> Supplied material
·····
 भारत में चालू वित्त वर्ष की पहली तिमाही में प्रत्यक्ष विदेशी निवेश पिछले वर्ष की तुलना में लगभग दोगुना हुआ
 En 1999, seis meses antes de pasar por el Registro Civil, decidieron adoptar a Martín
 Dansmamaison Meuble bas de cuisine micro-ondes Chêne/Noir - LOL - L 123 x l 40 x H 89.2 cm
·····
Reproduce exactly what is written in the listing above.

> Reply
 भारत में चालू वित्त वर्ष की पहली तिमाही में प्रत्यक्ष विदेशी निवेश पिछले वर्ष की तुलना में लगभग दोगुना हुआ
 En 1999, seis meses antes de pasar por el Registro Civil, decidieron adoptar a Martín
 Dansmamaison Meuble bas de cuisine micro-ondes Chêne/Noir - LOL - L 123 x l 40 x H 89.2 cm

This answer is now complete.